New/updated annual simulation tools

Dear Users,

We just introduced a new tool with nearly identical semantics to rfluxmtx, but based on the Radiance C++ library interface. It is called rxfluxmtx, following suit from rxpiece, which was introduced to the Unix build system before the official 6.0 release. (The other C++ tools, rxtrace, rxpict, and rxcontrib, are still optional compiles through the rmake build system.) This new tool is available in the latest Radiance HEAD release.

Aside from having more x’s in its name than any other Radiance program, rxfluxmtx overcomes the limitation in the number of separate receiver objects (i.e., receivers with unique modifiers). This is an unfortunate side-effect of the way rfluxmtx constructs a command-line naming all of the needed materials for rcontrib, running up against the inherent 10K character limit on command-line length.

Another benefit of the new tool is support for native view generation, avoiding the need for a separate call to vwrays and the related shenanigans setting -x and -y output resolutions.

Lastly, rxfluxmtx adds a -r option to recover partially-completed output in cases where the computer was unexpectedly shut down or unplugged.
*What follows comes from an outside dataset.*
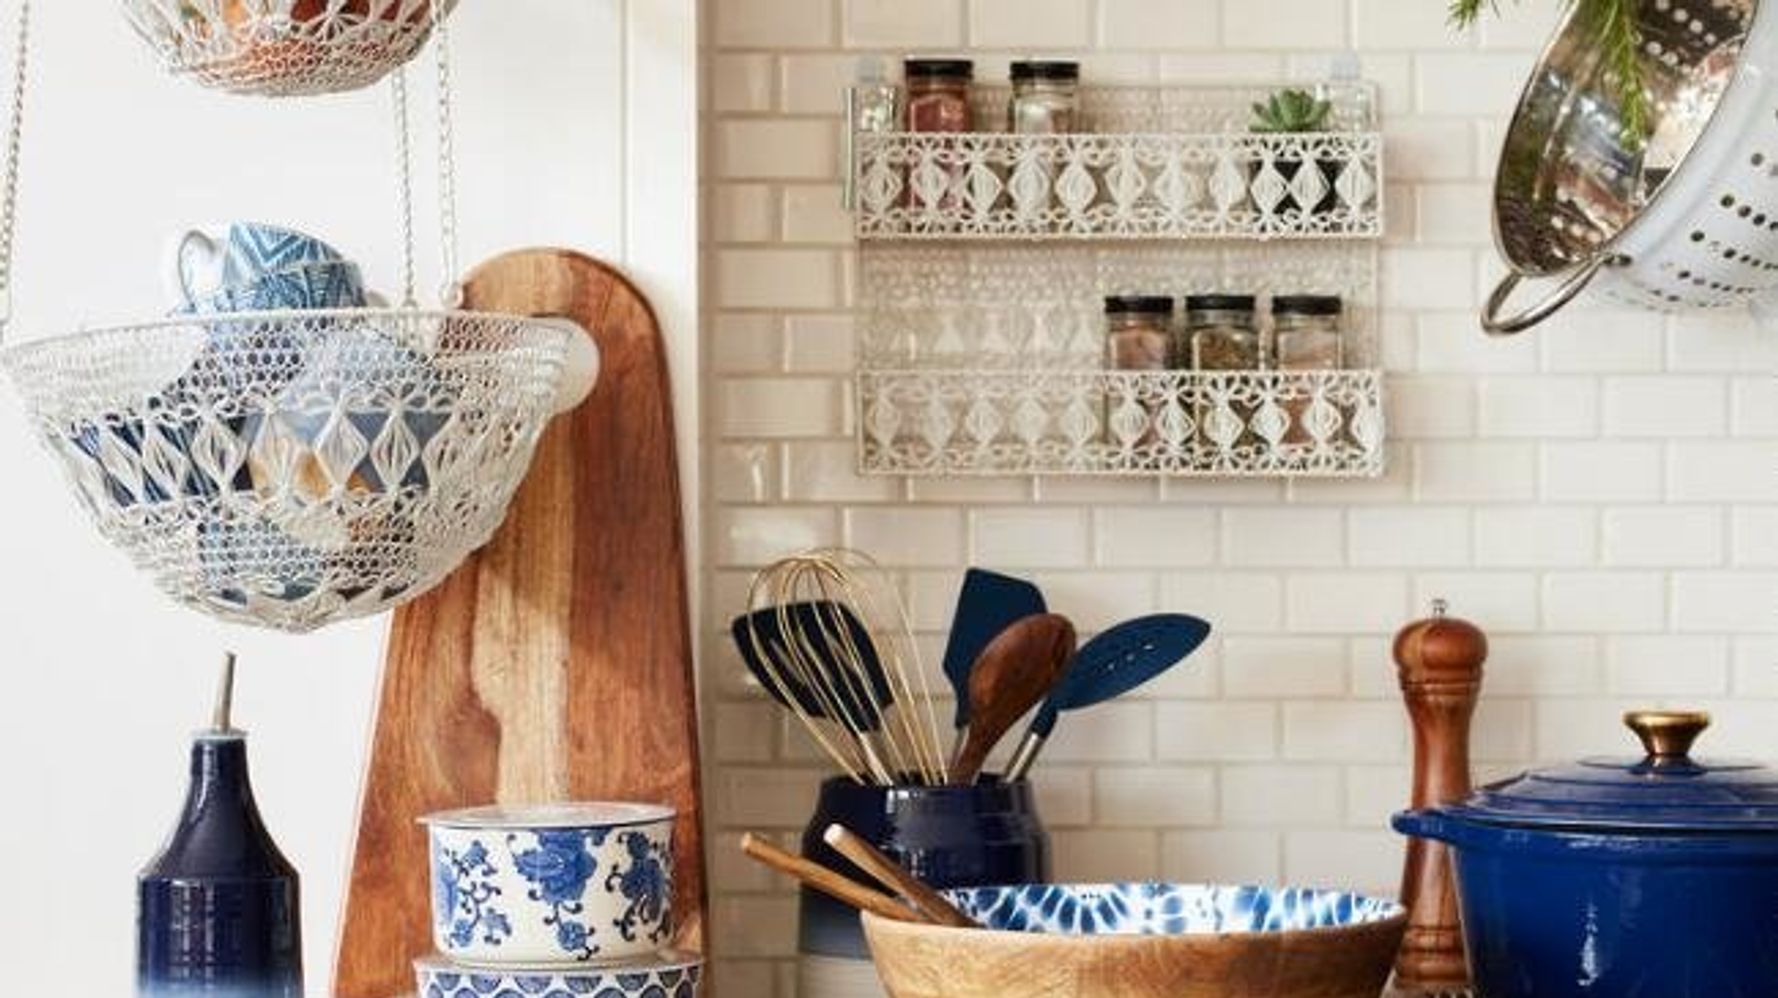 12 Spice Storage Ideas for a Well-Seasoned Kitchen
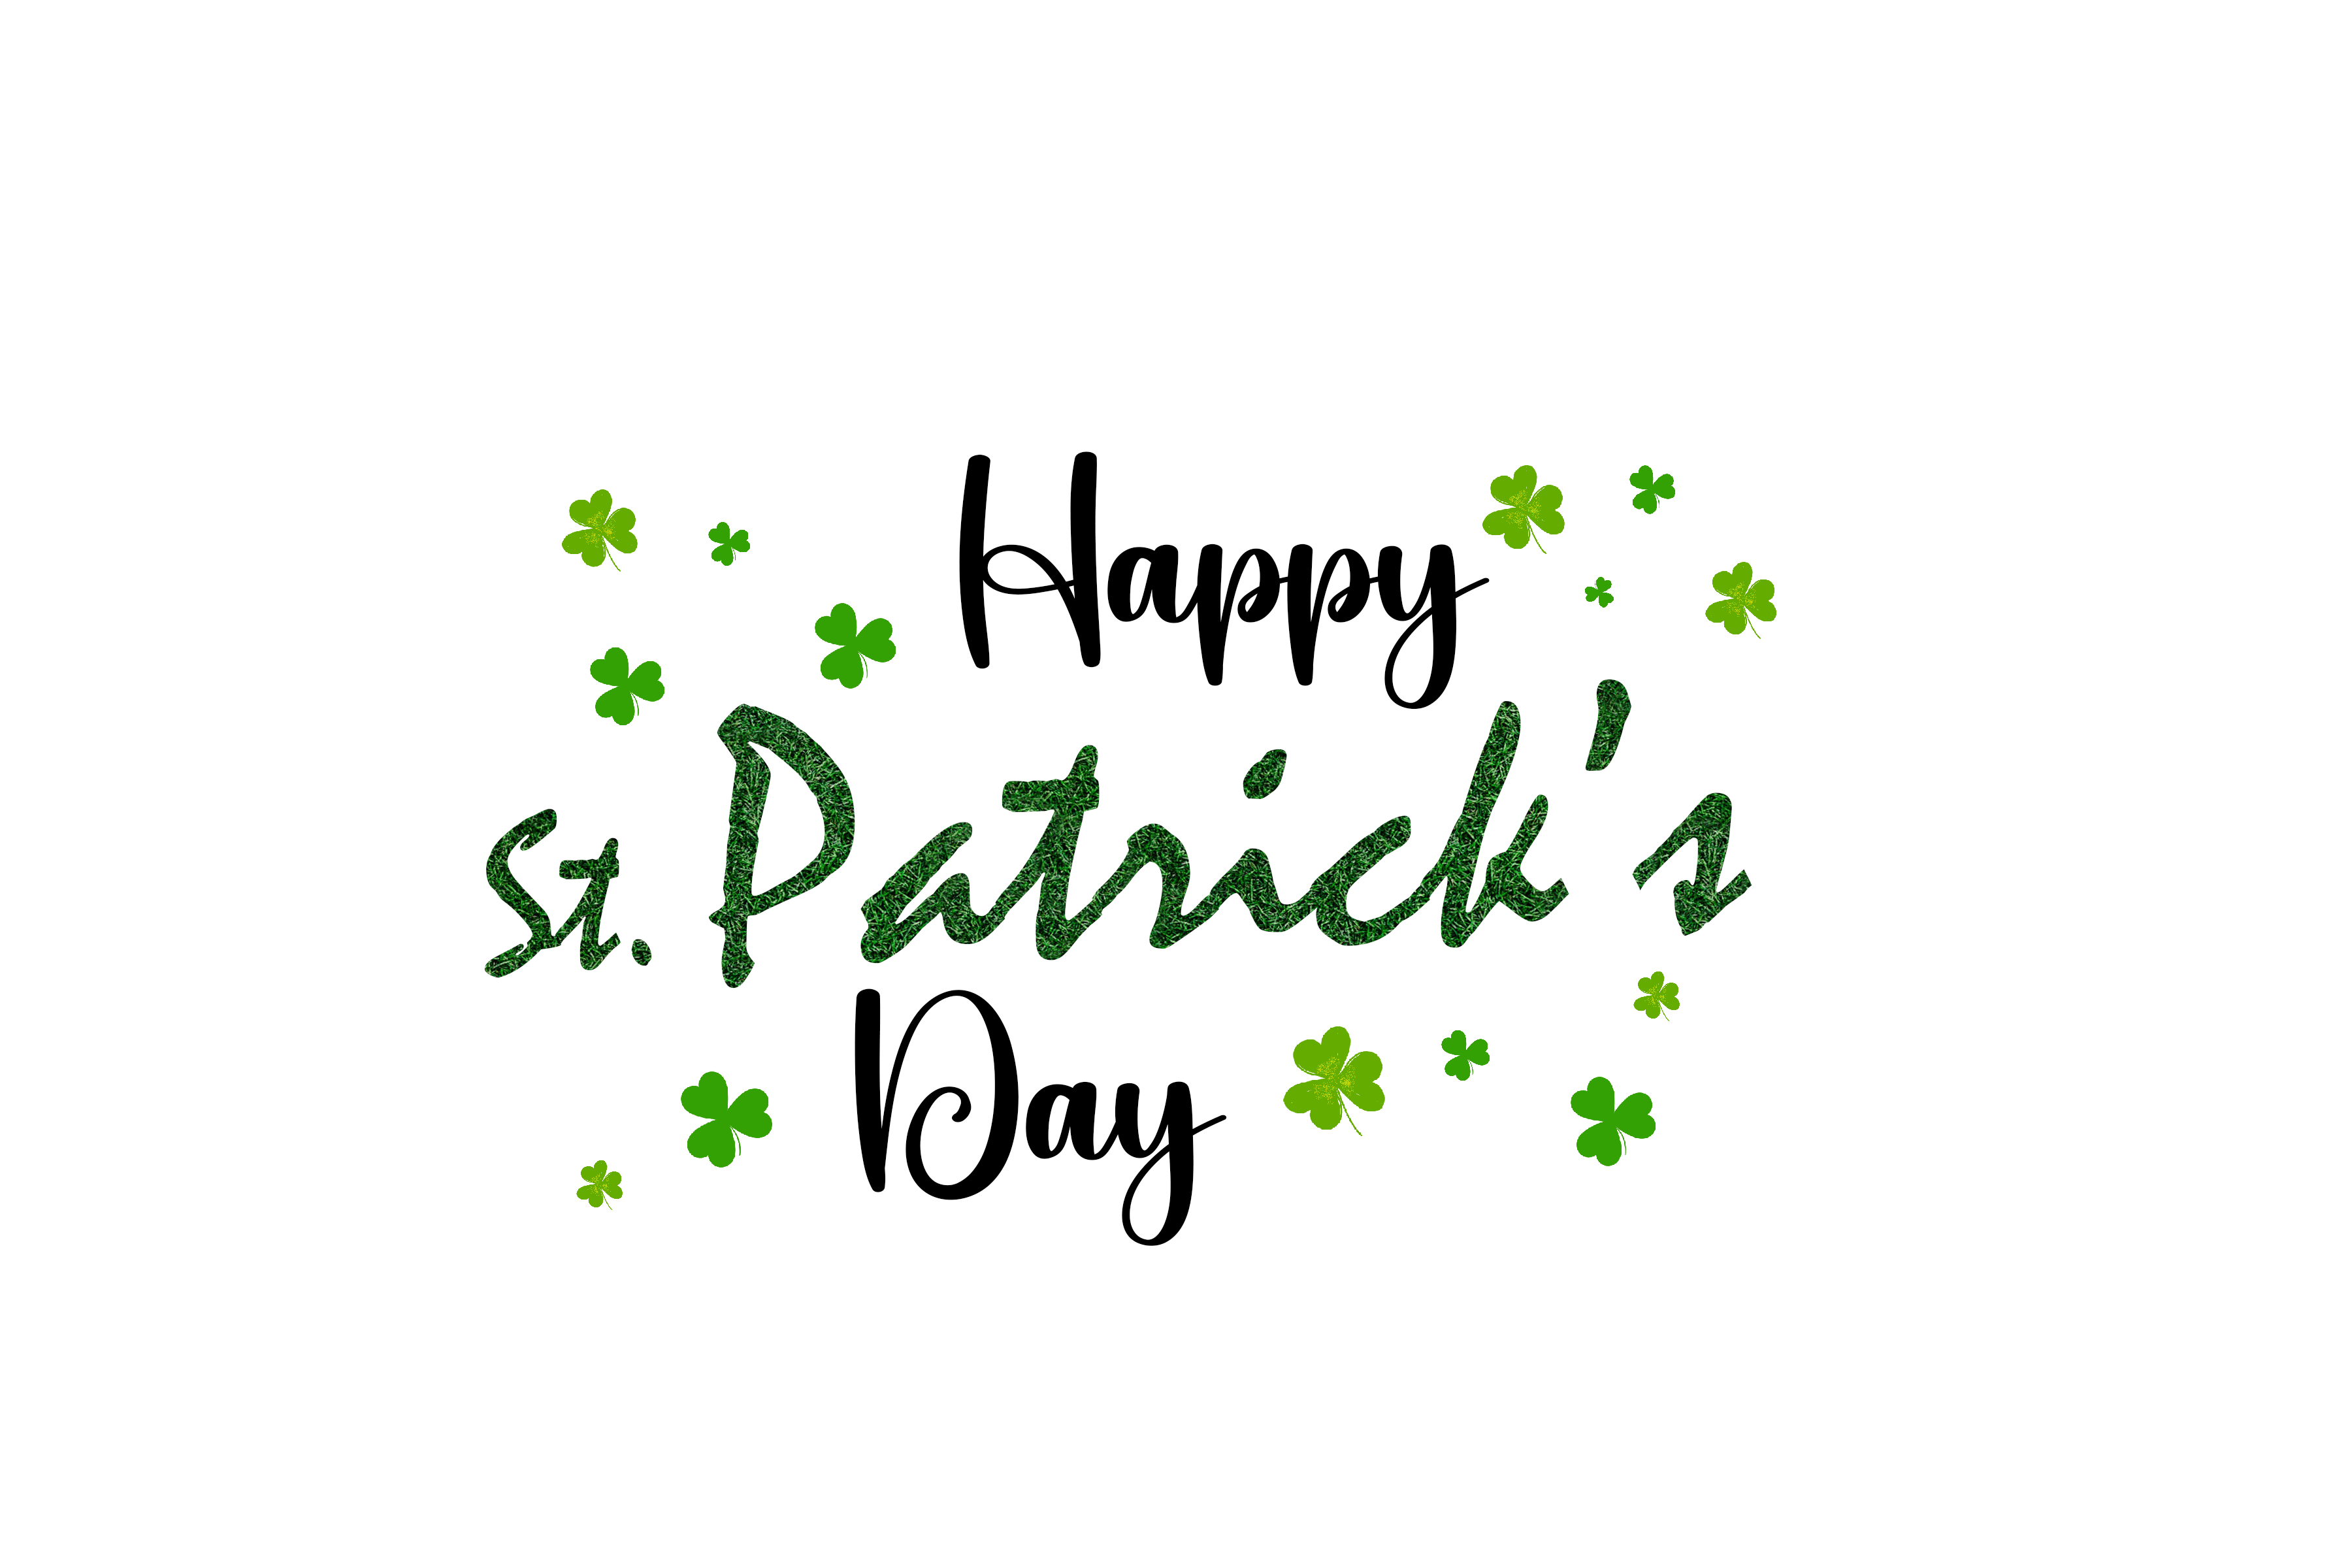 Happy St. Patricks day wishes PNG

Unlike rfluxmtx, the new tool will report an error if any of the output files exists if neither -r nor -fo options are present, more closely matching rcontrib behavior. However, this does require that all outputs must be named files, no commands, and ASCII results are not supported due to the difficulties recovering non-binary types. (This is actually a limitation of the C++ RcontribSimulManager class.)

While the new rxfluxmtx adds convenient support for component picture generation, the final timestep calculation has been problematic for some years due to the expense of scaling and summing large numbers of HDR pictures. This only gets worse with spectral (HSR) pictures, which are typically 7 times bigger and cannot be injested by dctimestep at all. We worked around some of these difficulties in the tutorials at the Salt Lake City workshop, getting the process to work with the new rcomb tool and some creative command-line mojo.

To streamline this annual simulation process for time-lapse animation, we introduced the pvsum tool in the 6.0 release, which supports vector and matrix multiplication on a set of component pictures produced by rfluxmtx or rxfluxmtx. Making this process efficient was the biggest challenge, and tomorrow’s HEAD should include a new pvsum -m option that speeds things up when the input component data exceed the available memory cache. We maximize throughput by doing partial component sums over the whole sequence, avoiding Unix page faults that would otherwise occur.

This leads us to the biggest caveat, which is the fact that these tools are only built for Linux and macOS machines. If you are on a Windows box, you will need to install the WSL add-on, which is free but a bit of work to bring up. Nevertheless, you will gain a lot of benefits from doing so, at least as far as Radiance is concerned.

Cheers,
-Greg

P.S. In case you missed it, Athina Alight and Alstan Jakubiec just published an exciting pair of papers on melanopic simulation, with novel visualizations and analyses using Radiance 6 with other tools they collected or developed. Definitely worth a look!